Task item:
For this exercise, retype all the data exactly and exclude every image.

Source data:
===============

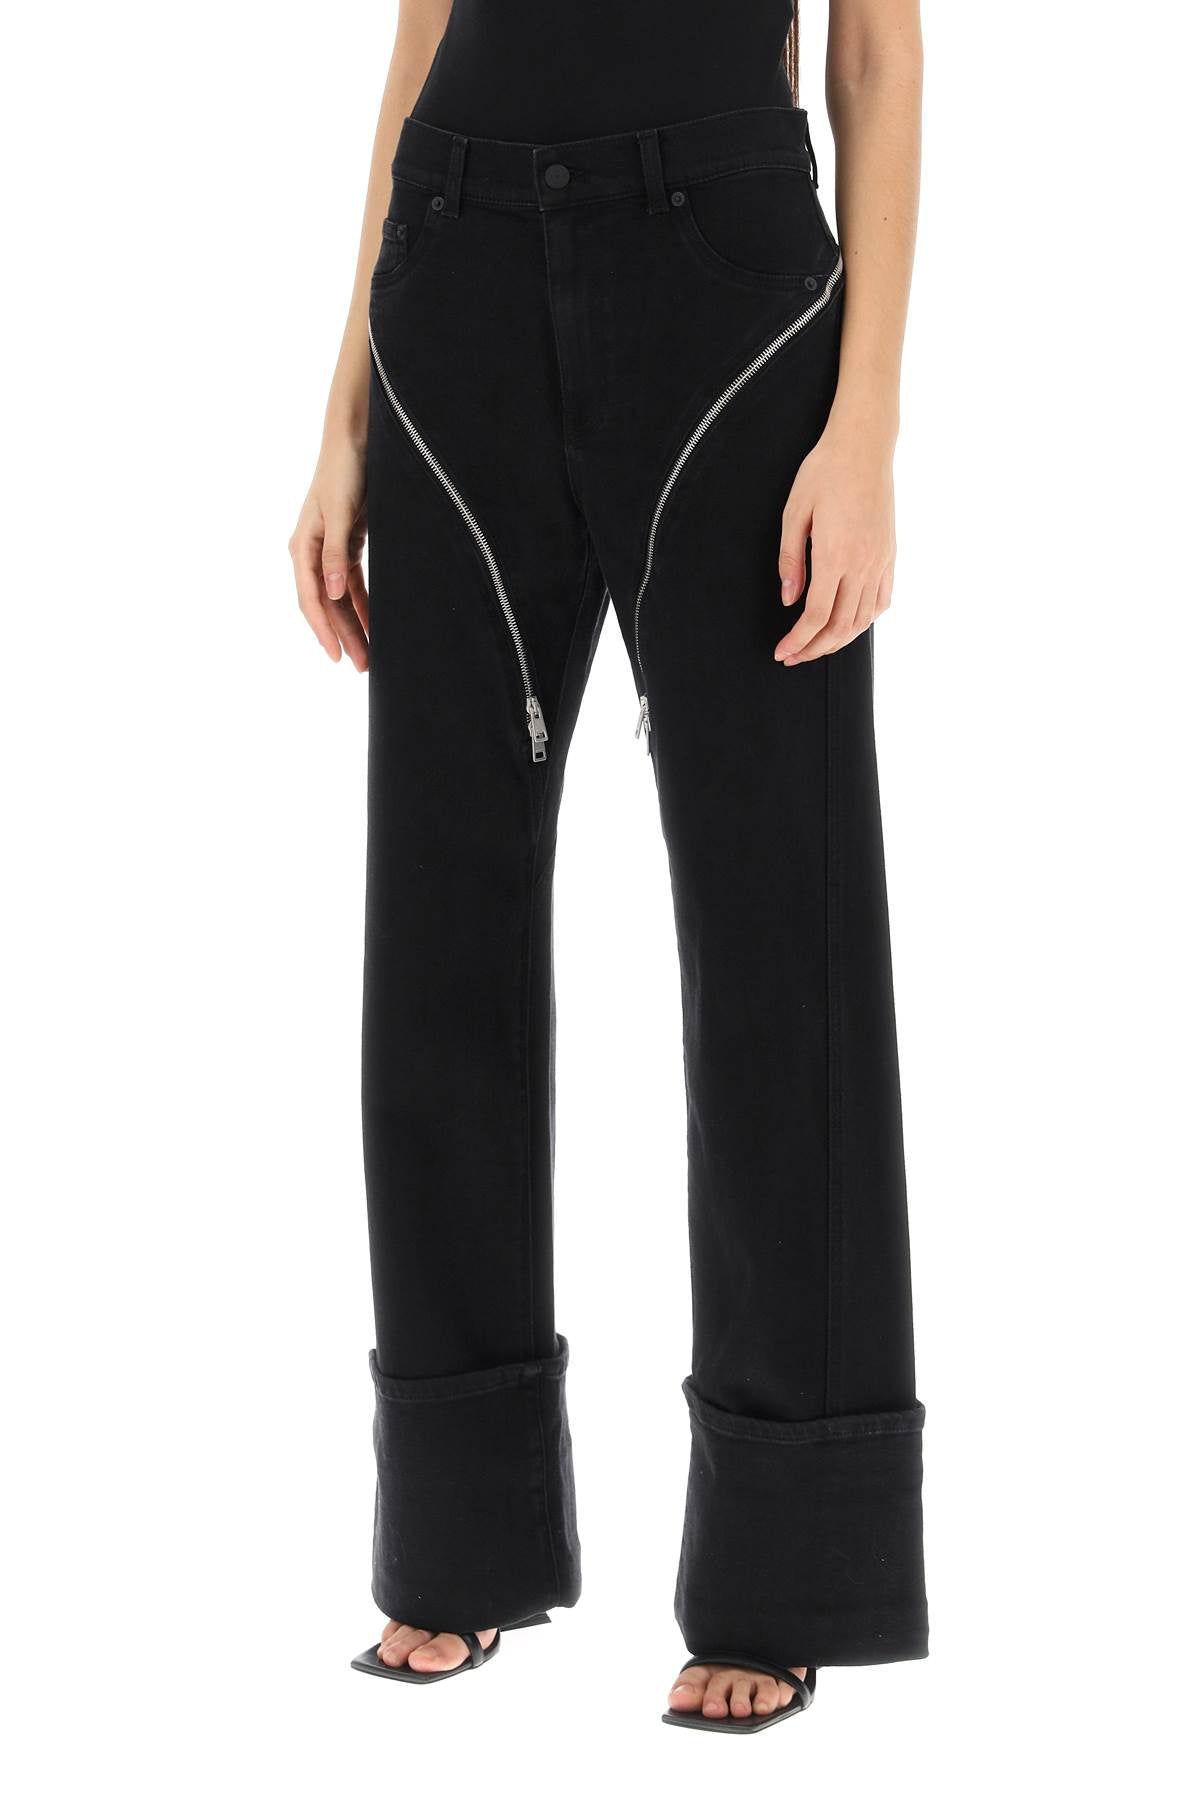 Mugler straight jeans with zippers-3
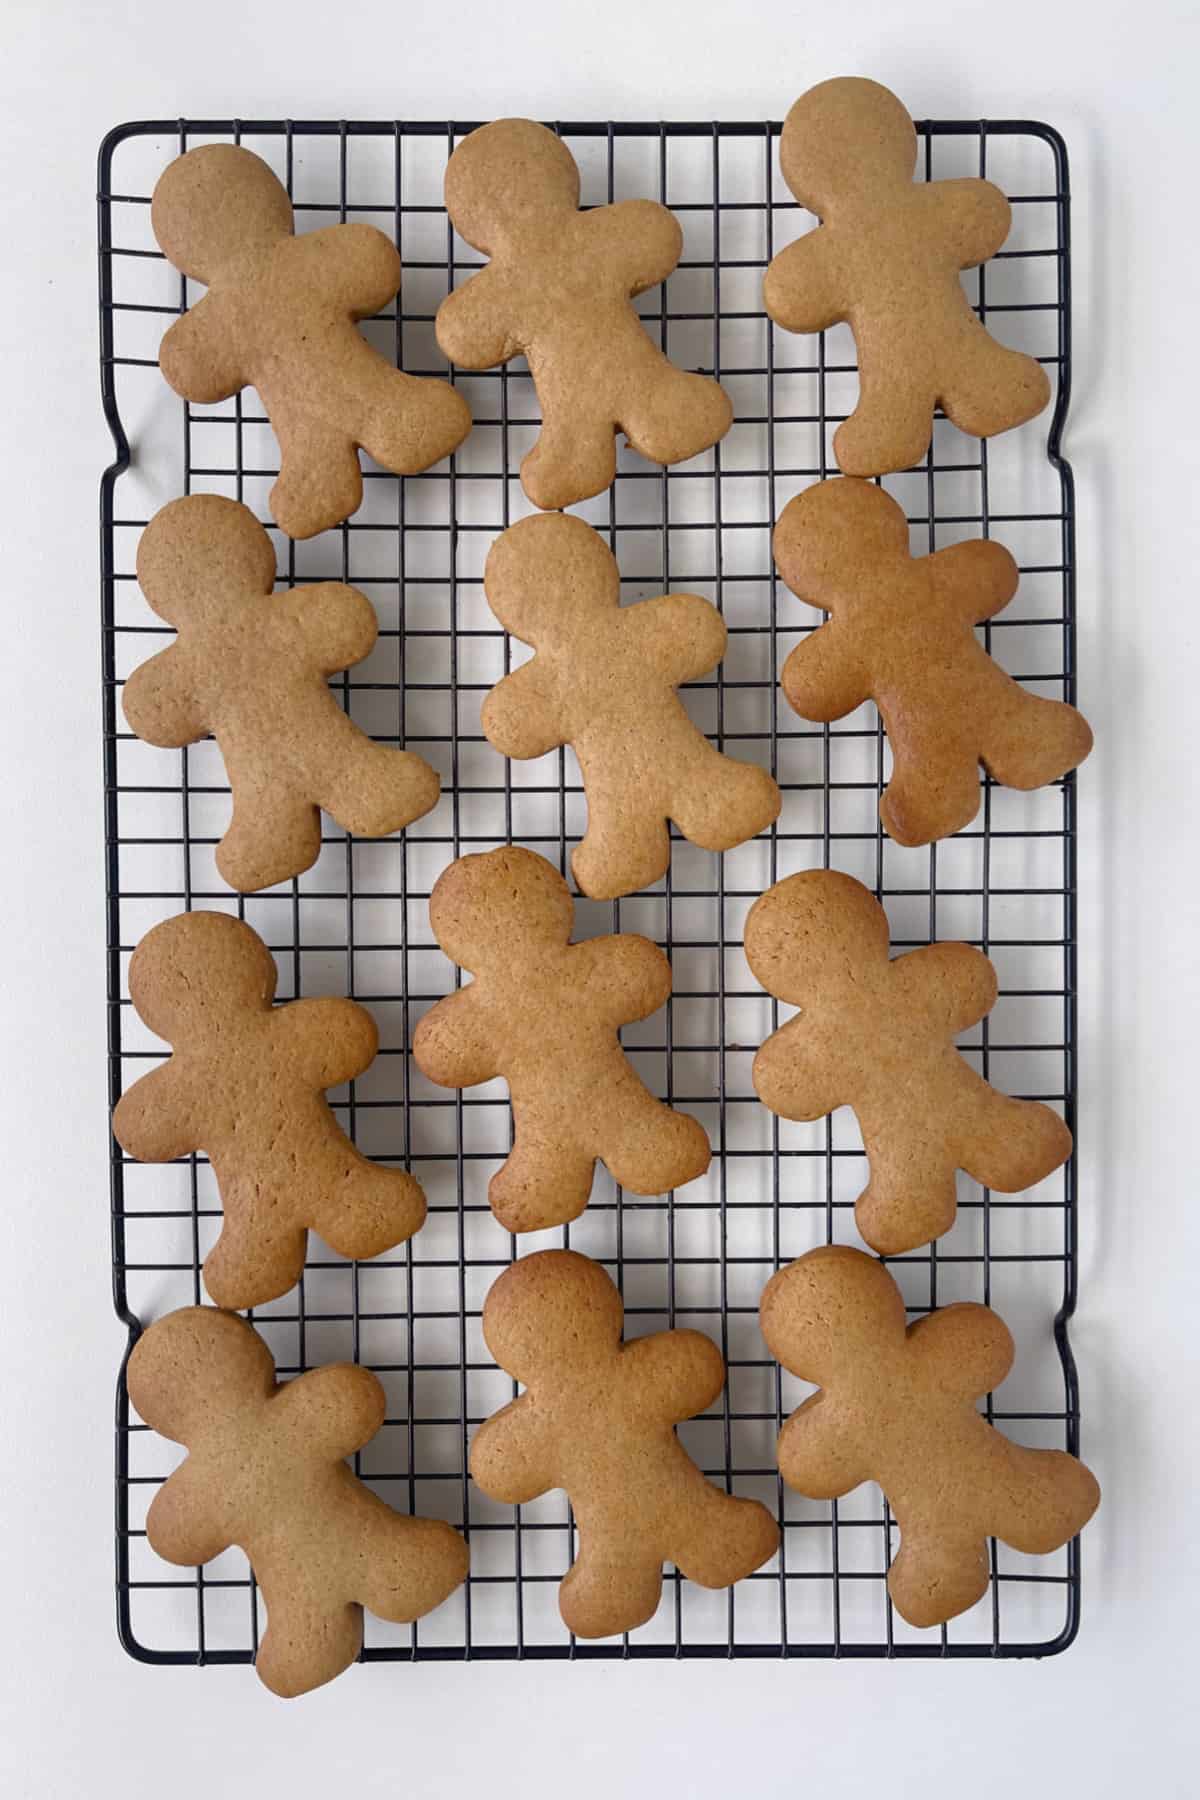 Baked gingerbread biscuits on a wire rack.
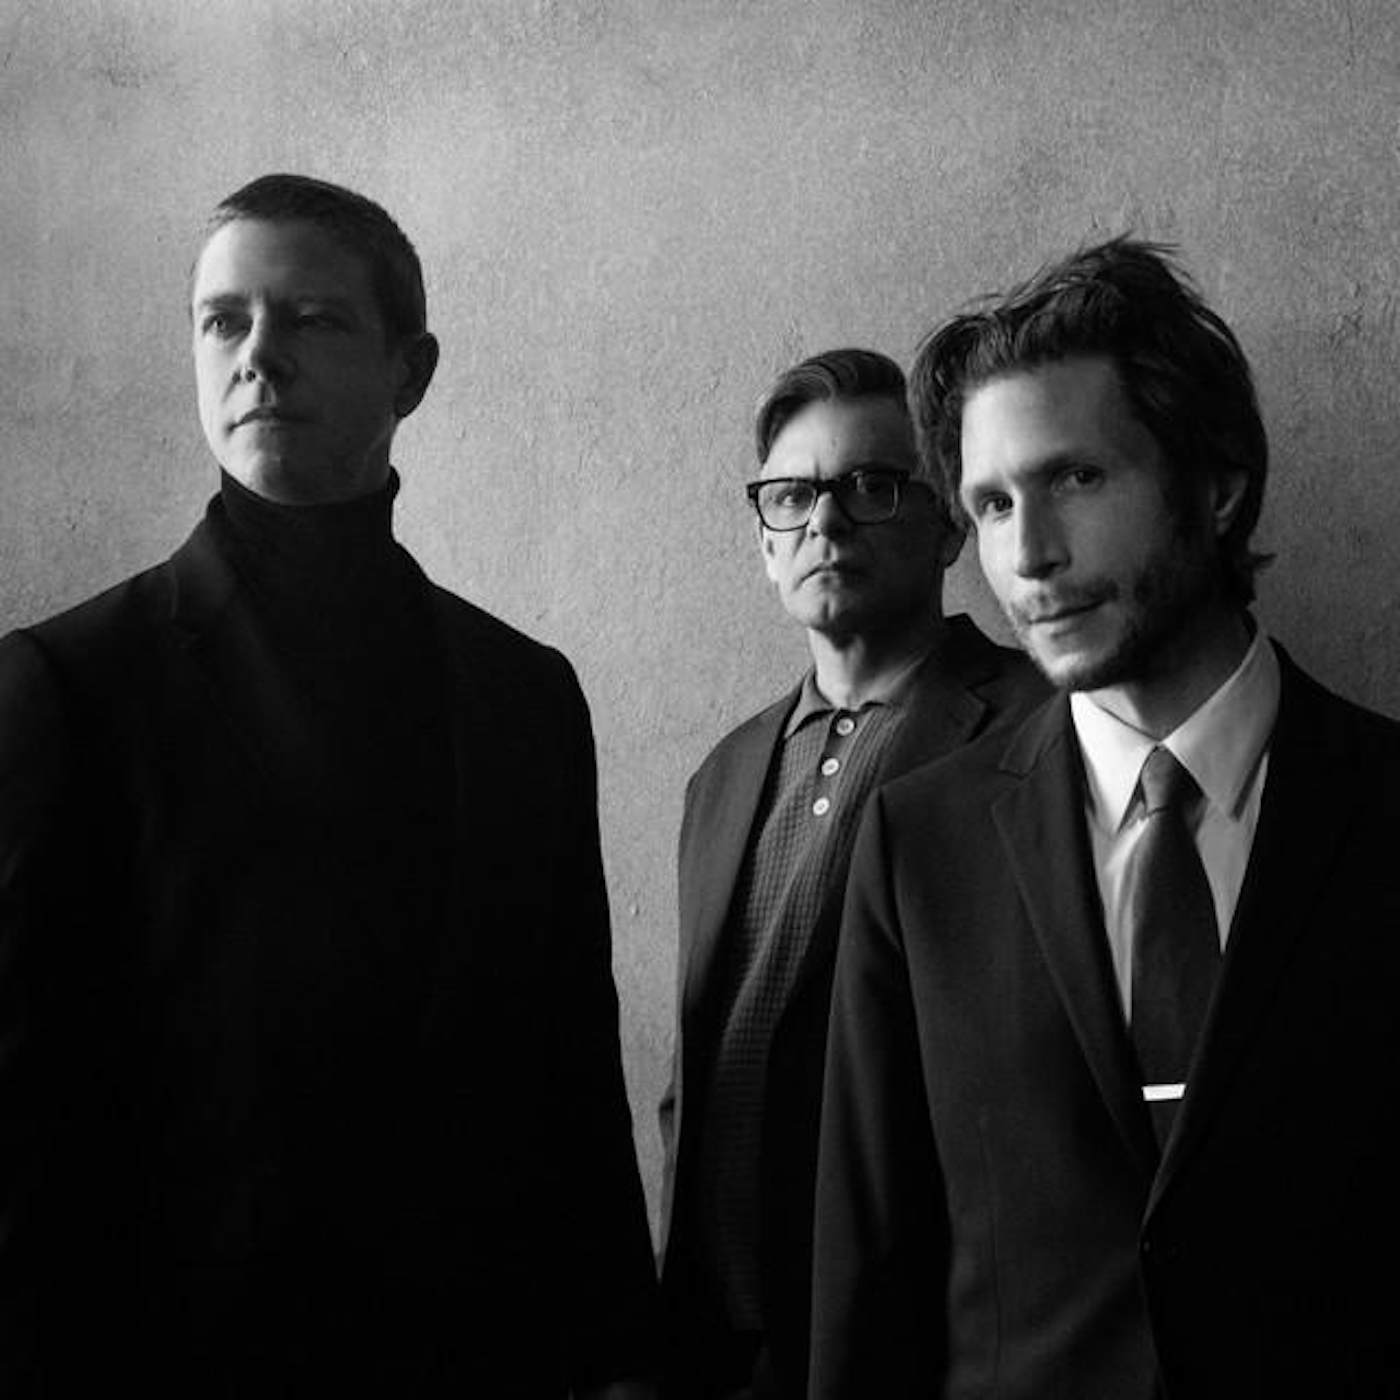 Interpol The Other Side Of Make Believe
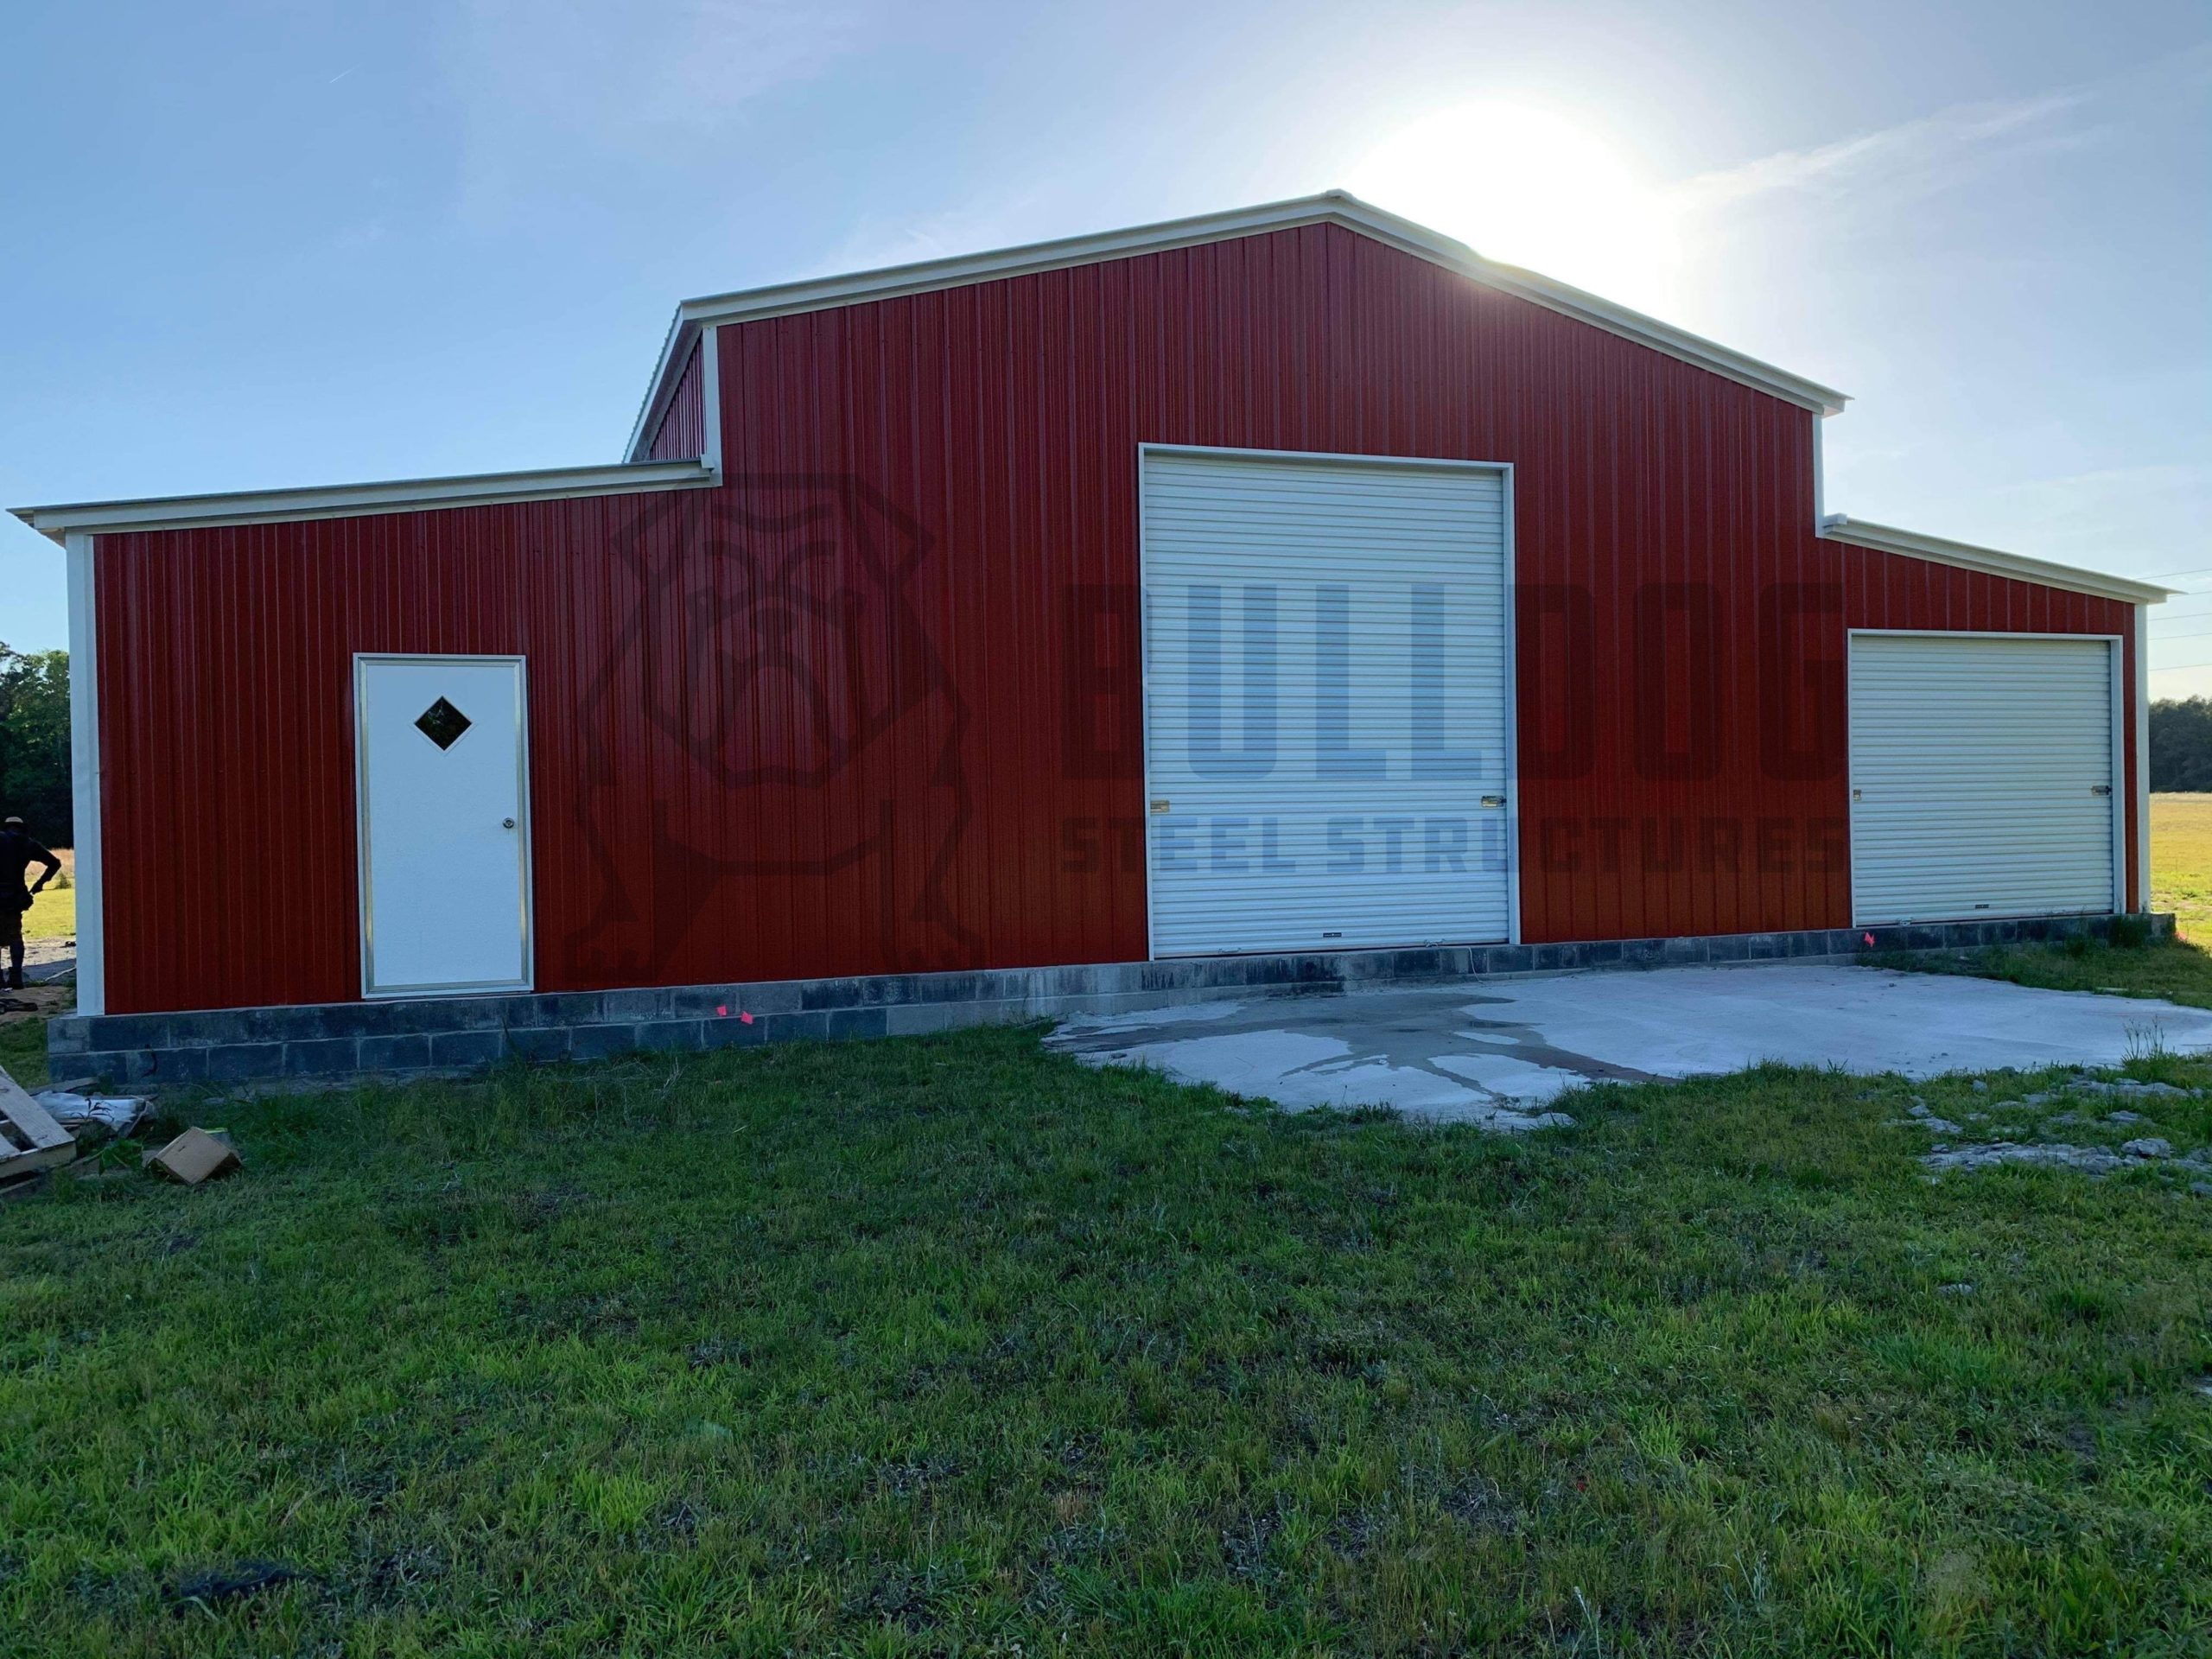 Exterior of barn with red walls

===============

Task response:
 Mugler straight jeans with zippers-3
 Baked gingerbread biscuits on a wire rack.
 Interpol The Other Side Of Make Believe
 Exterior of barn with red walls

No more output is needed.